Wally forgot why he had asked. He began talking about Baudelaire.
“I’ve been reading him in French. You lose a lot in the translation,” he said. “Have you read
The Flowers of Evil
in French?”
“I read Ring Lardner and Rudyard Kipling my last year in high school,” Avery said.
“You don’t consider Lardner a serious writer, do you?”
“I’d like a highball. Would you fix me one, Wally?” Suzanne said.
“Do you really compare Lardner with someone like Baudelaire?”

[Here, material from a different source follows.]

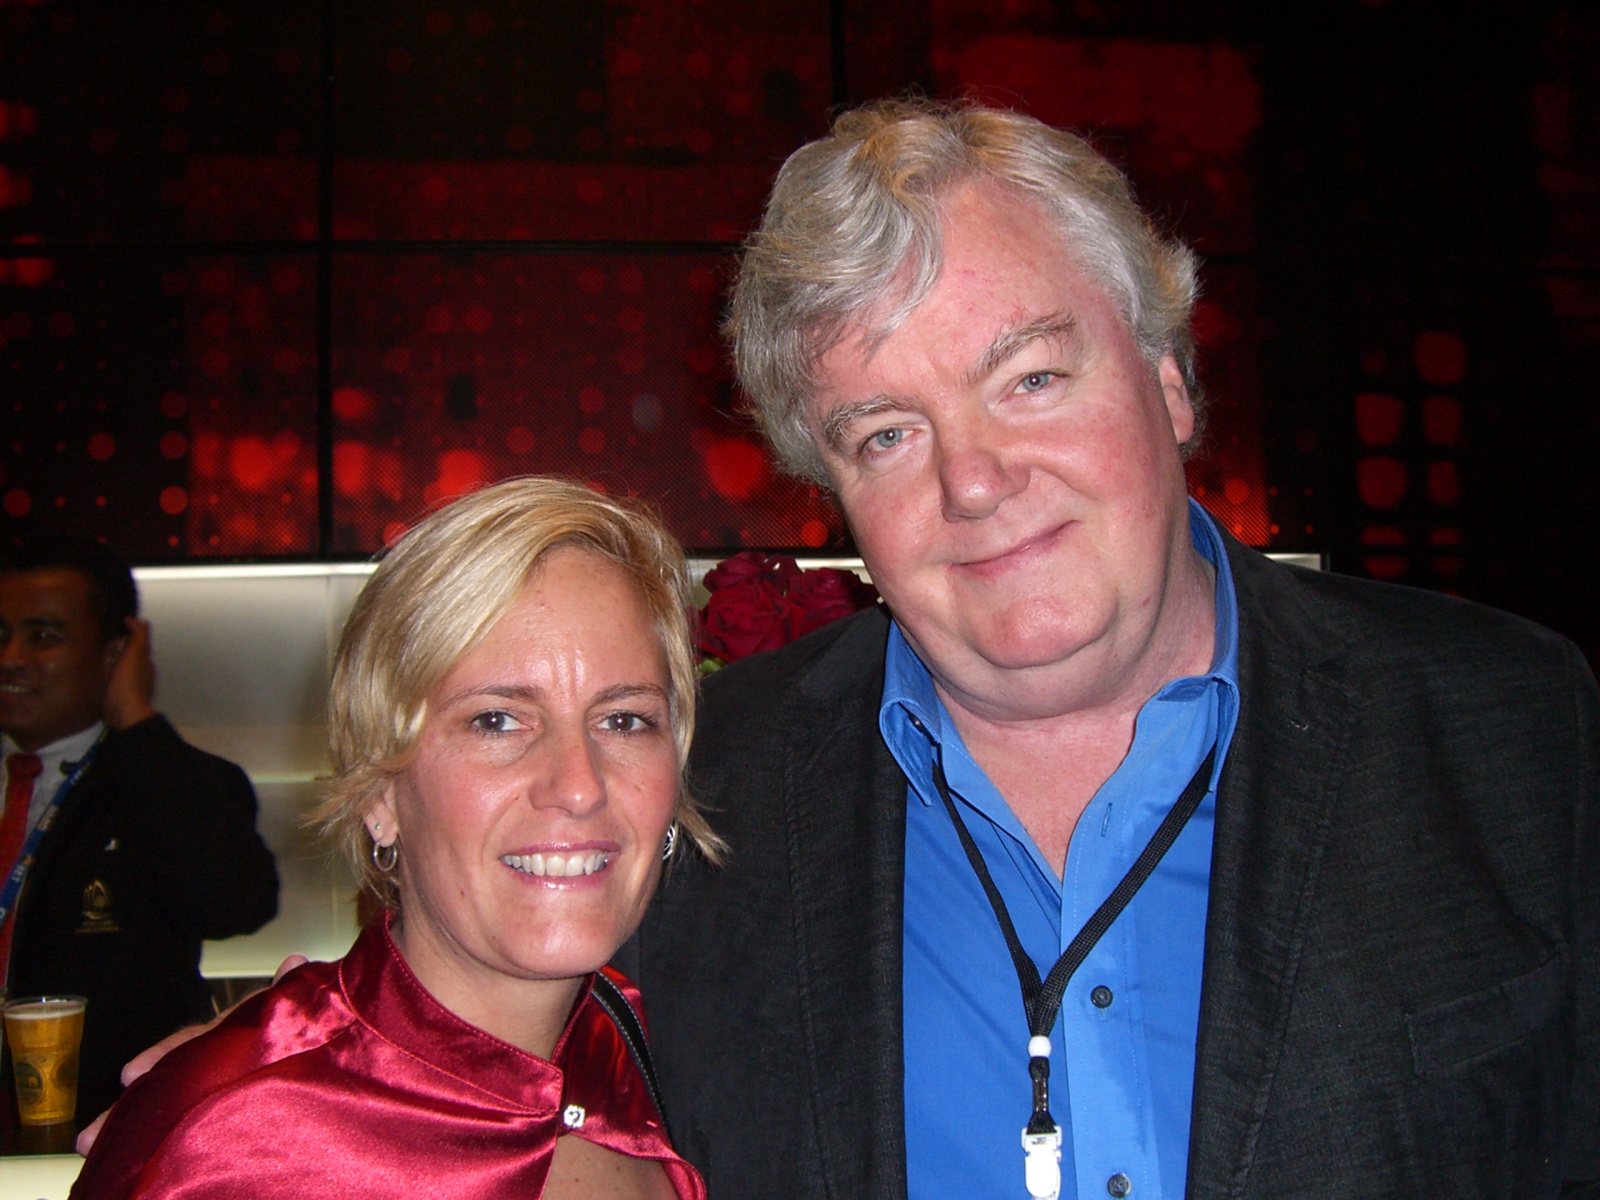 Lisa Stoll and Iain Smith OBE at the 2008 Bangkok International Film Festival.

“I liked his short stories,” Avery said.
“Tell me if you think Lardner could be compared with any French writer of worth.”
“You’re tight,” Suzanne said.
“I just want to know if anybody can believe Ringgold Lardner was a good writer.”
“If you won’t get the Scotch, open a beer for me, please,” she said.
“Lardner never wrote a decent page of prose in his life,” Wally said.
“Wally, will you please be quiet.”
“And Kipling, for God’s sake. Can you tell me of anyone more undeserving who has received as much attention?”
Avery looked at his whiskey-red face and didn’t say anything. A young man came over from the steps and put his arm on Wally’s shoulder. He winked at Suzanne.
“Come talk to us, old sock,” he said. “We want to hear about your poems.”
“They’re completely worthless.”
“Also about your short story in the
Atlantic,”
the young man said.
“It’s worthless, too. The
Atlantic
has a policy of not publishing anything of merit.”
“Come sit down and have a Scotch with us,” the young man said. He was a portrait painter who had done well with the Saint Charles Avenue upper class. His hair was black and he had a good suntan and his teeth were white when he smiled.